Why did you feel so strongly about making this film? What was the motivation?
Scafaria: “I think as soon as people started to pass a certain amount of judgment on the characters, I felt very personally invested in telling their story. I feel like female characters are scrutinized in ways that women in general are scrutinized. We’re supposed to be perfect and we’re not supposed to make mistakes. We’re not supposed to get greedy or have that level of ambition.”
“So, I felt like people were judging the characters for, not just where they ended up, but for where they started. As a person who feels like I grew up with these girls, I grew up with these guys, like I worked in a boiler room when I was 17. It was just a room full of phones where guys were selling bad stocks to old people. I have friends who stripped; became strippers after high school, college. Paying off student loans. I guess I just saw it as a story about people, but the themes were the things I wanted to talk about. I felt like there were themes … the broken value system; these are things that I have just been raging about on my own back porch for a number of years.”
“I felt like this was a really interesting, organic way into a story about women. That has to be a story about women. Not just a manufactured story about women, but only could be a story about women. And the collective experience and the very different experiences that we all have.”

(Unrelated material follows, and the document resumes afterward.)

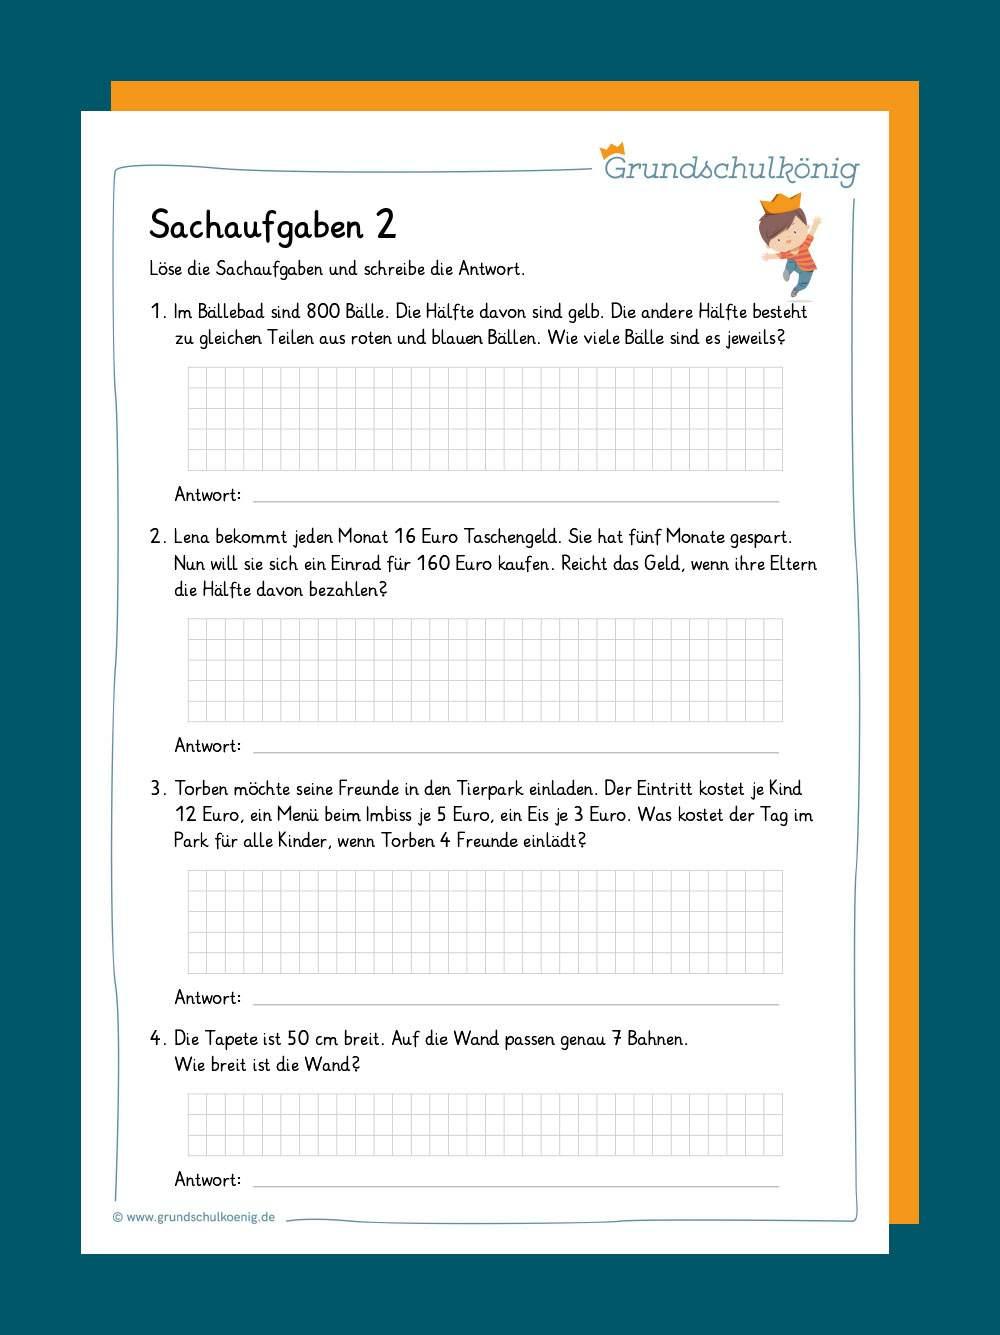 Sachaufgaben Textaufgaben 2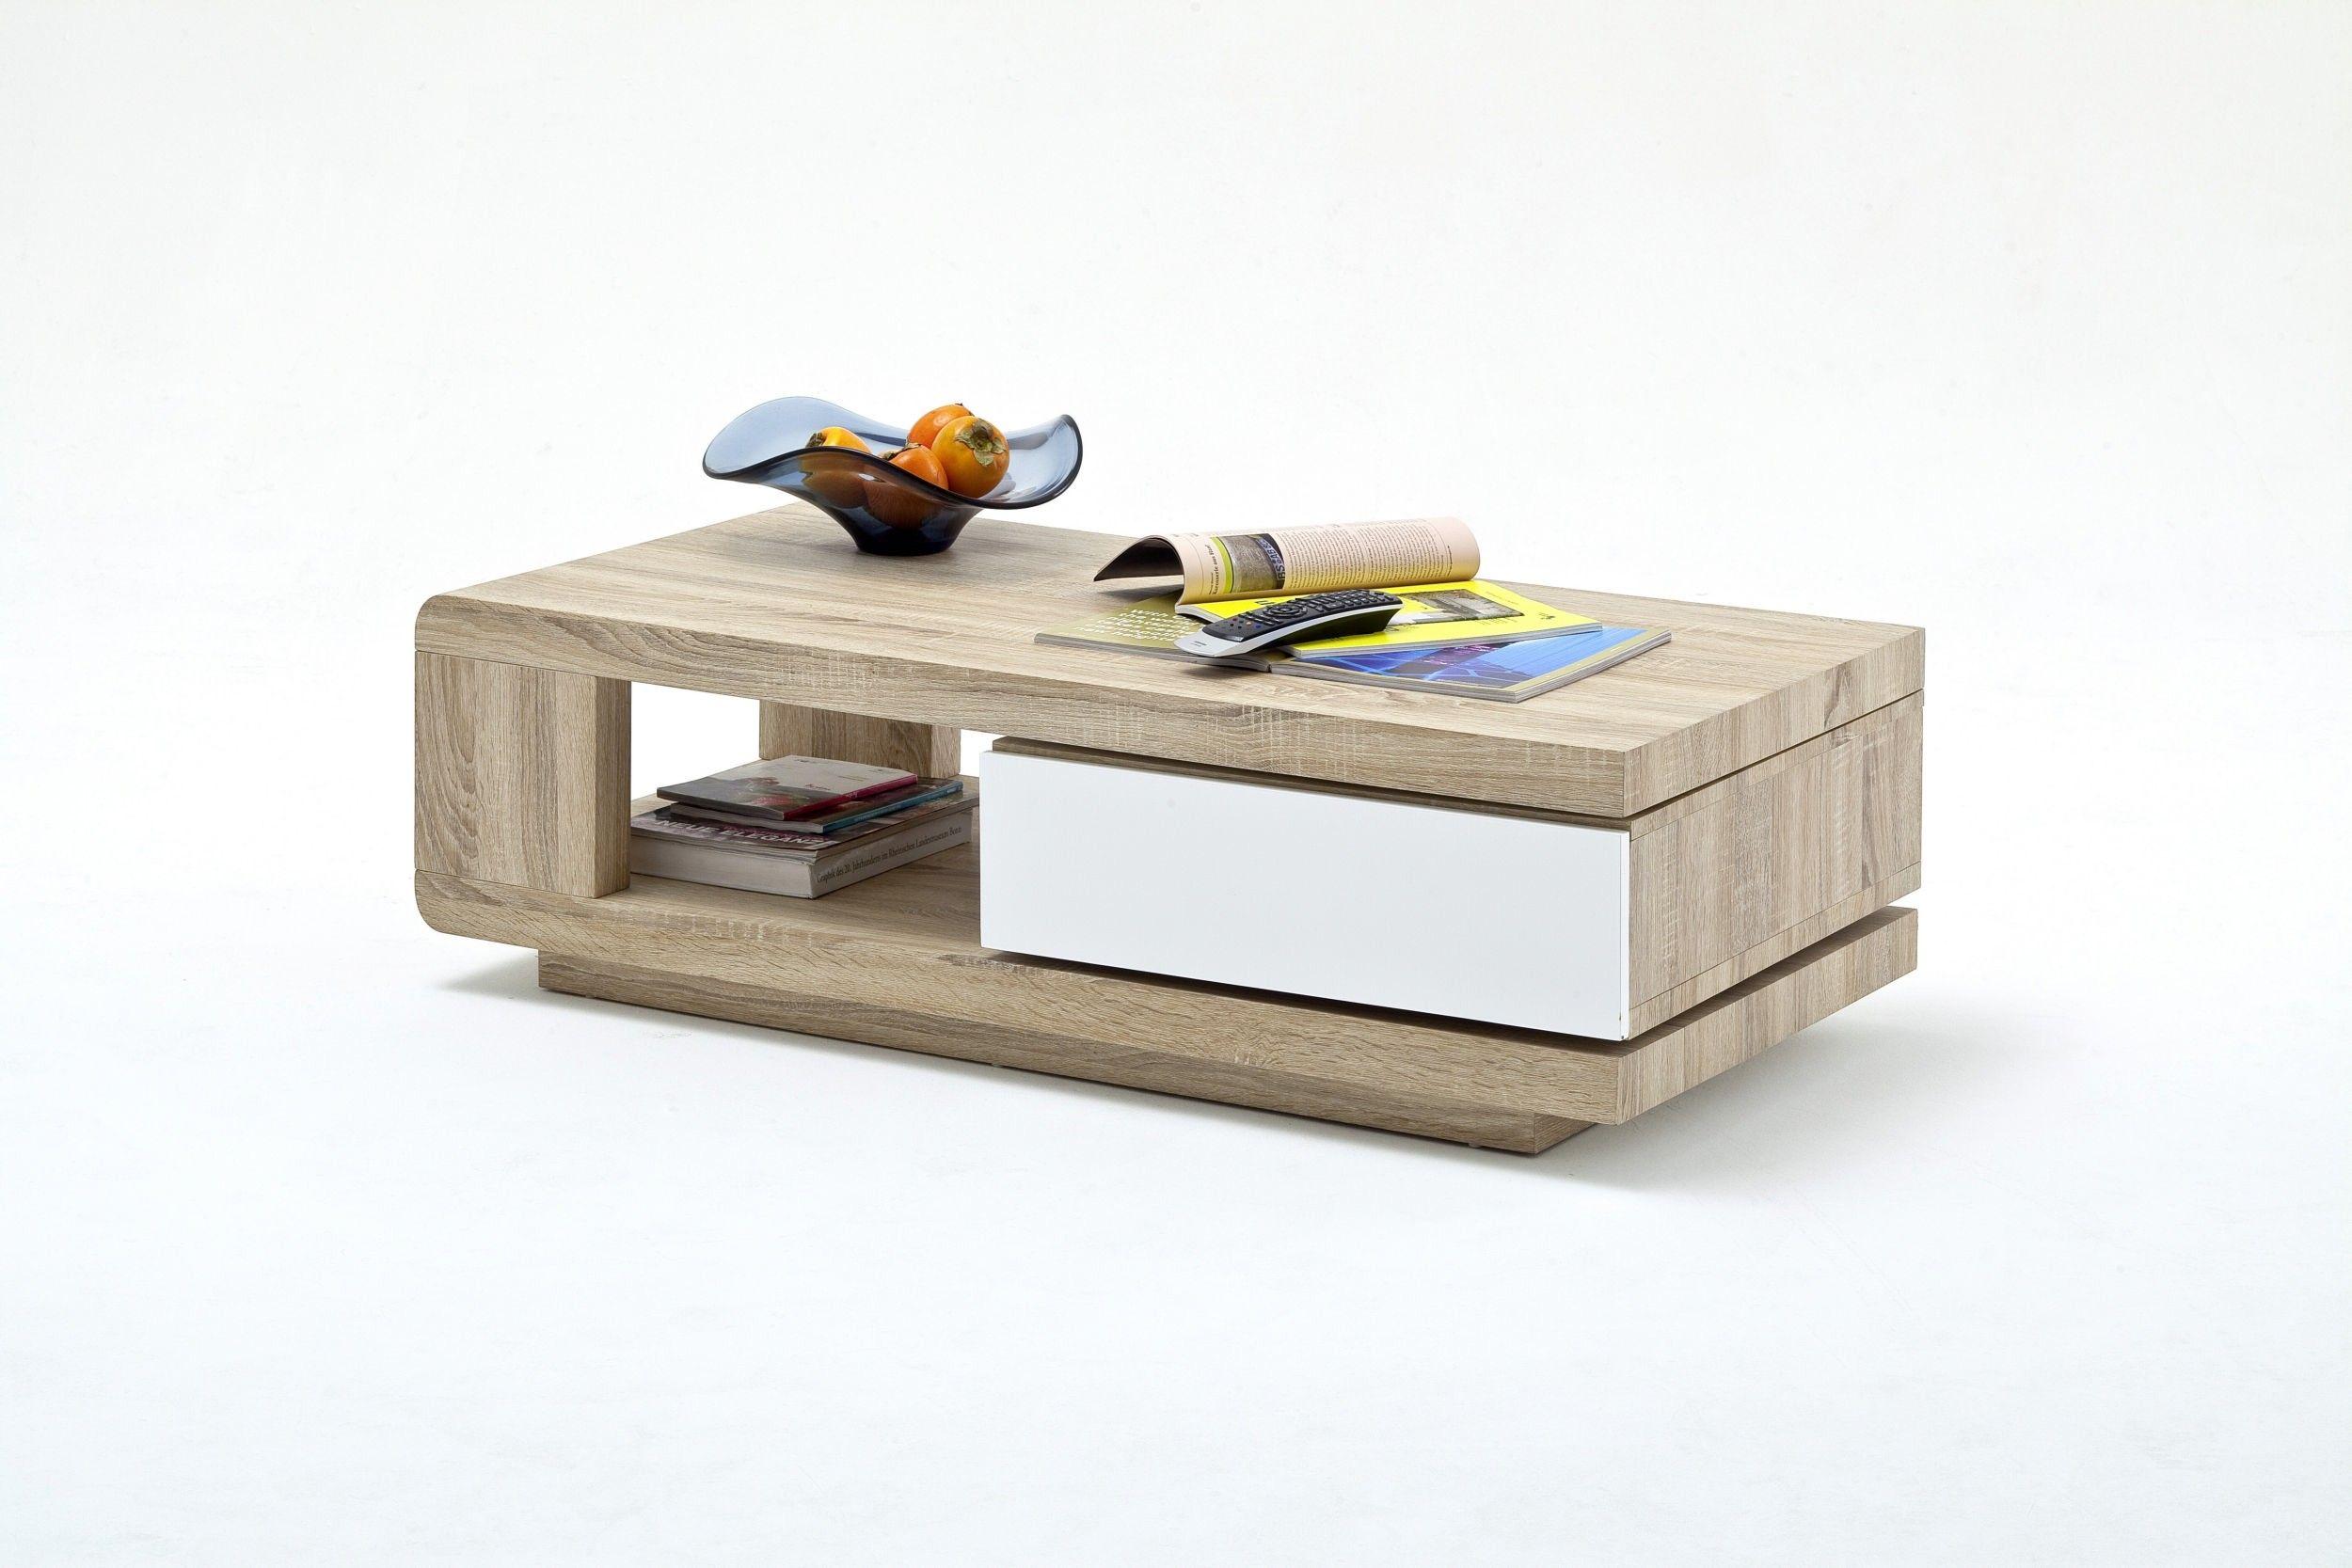 Das Online Möbelhaus Wohnorama Einfach Möbel Online Kaufen Couchtisch Couchtisch Eiche Couchtisch Weiß Holz

“I wrote the script, even though I knew it wasn’t my directing job to start. I was trying to write the script to get myself into the director’s chair and then it took a long time to convince people. I made a sizzle reel. I cut together footage of other movies to try to show this proof of concept to everyone. That was the other part of it.”
“It wasn’t just getting the directing job. It was proving to people that this was a story worth telling. It felt like every headline in the news was only making it more relevant to me, and more urgent.”